Chris Lu, a former Obama administration official, said that he and his White House colleagues "would've been fired" if they did what Conway had done. "Then again, our boss cared about ethics," Lu added.

My Obama WH colleagues can chime in. If we did what @KellyannePolls did, we would've been fired. Then again, our boss cared about ethics

Lu, the former United States deputy secretary of labor, also said that Conway "violated" the federal ethics rule issued by the OGE.

Norman Eisen, Obama White House ethics czar, told MSNBC that Conway "is going to need to be disciplined" for violating federal law.

Obama WH Ethics Czar @NormEisen: @KellyannePolls is "going to need to be disciplined" for violating law by saying "…

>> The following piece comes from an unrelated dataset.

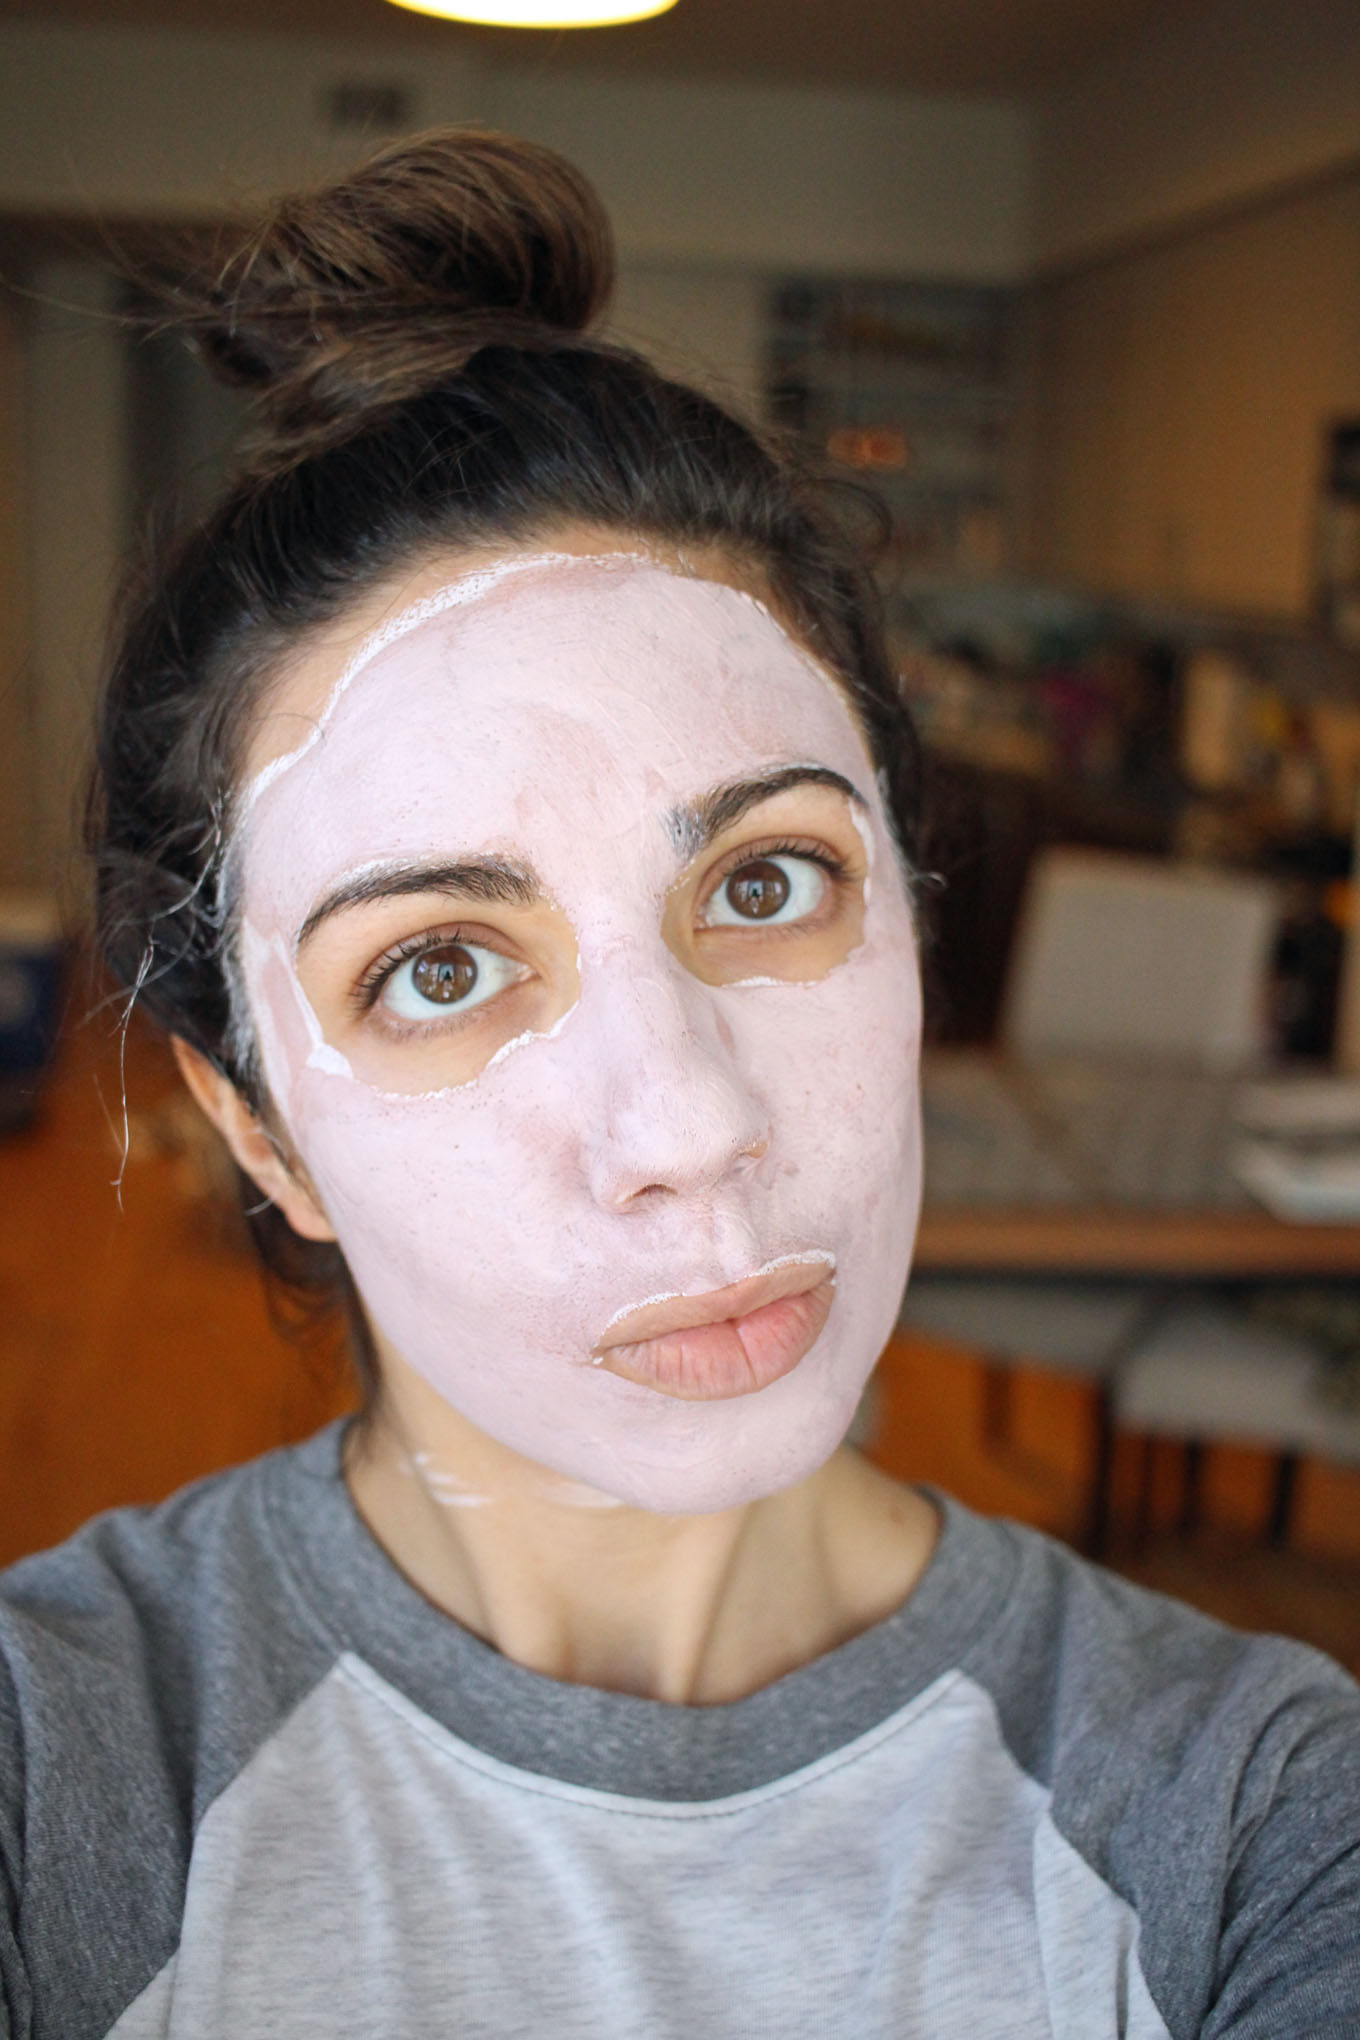 Lifestyle blogger Roxanne of Glass of Glam's Sand and Sky Pink Mask Review - Sand & Sky Australian Pink Clay Mask Review b y Dc beauty blogger Glass of Glam

Eisen told MSNBC that Conway was "flouting one of the most basic rules" of not using public office for the private gain of another.

"She was speaking in her public capacity, to benefit private parties for private gain," Eisen said. "In this case she was doing an advertisement for Ivanka Trump's products. It is contrary to federal law to do what she did. I believe that it's a violation of the rules and she's going to need to be disciplined for it."

He said that White House counsel, and ultimately the president, is "going to be responsible for doing something about that."

"We can't have federal officials breaking federal law," Eisen said.

Eisen also criticized Donald Trump Jr. for attacking Nordstrom by tweeting a Breitbart story about women reportedly planning to boycott the retailer.

Exclusive — Women Nationwide Cut Up Nordstrom’s Cards, Plan Boycotts After Political Decision to Drop Ivanka Trump

"American law doesn't allow this," Eisen told MSNBC. "For example, the California unfair competition law where Nordstrom has a lot of stores. One of the broadest laws of its kind in the country, it says you can't unfairly attack a business. And that's what's happening here."

"This is the behavior of a mafia don defending his turf. Not the president of the United States," Eisen added.

Citizens for Responsibility and Ethics in Washington (CREW) filed a complaint with the OGE and the White House Counsel's Office, urging them to investigate Conway's "apparent violation of federal law" and "take any necessary disciplinary action."

"As the law makes clear, public officials should not use their offices for either their own private gain or the private gain of others," CREW said in the complaint to the White House Counsel. "Ms Conway appears to have violated both the letter and the spirit of these rules when she used her position to endorse the accessories and clothing line of Ms. Trump, the daughter of the president."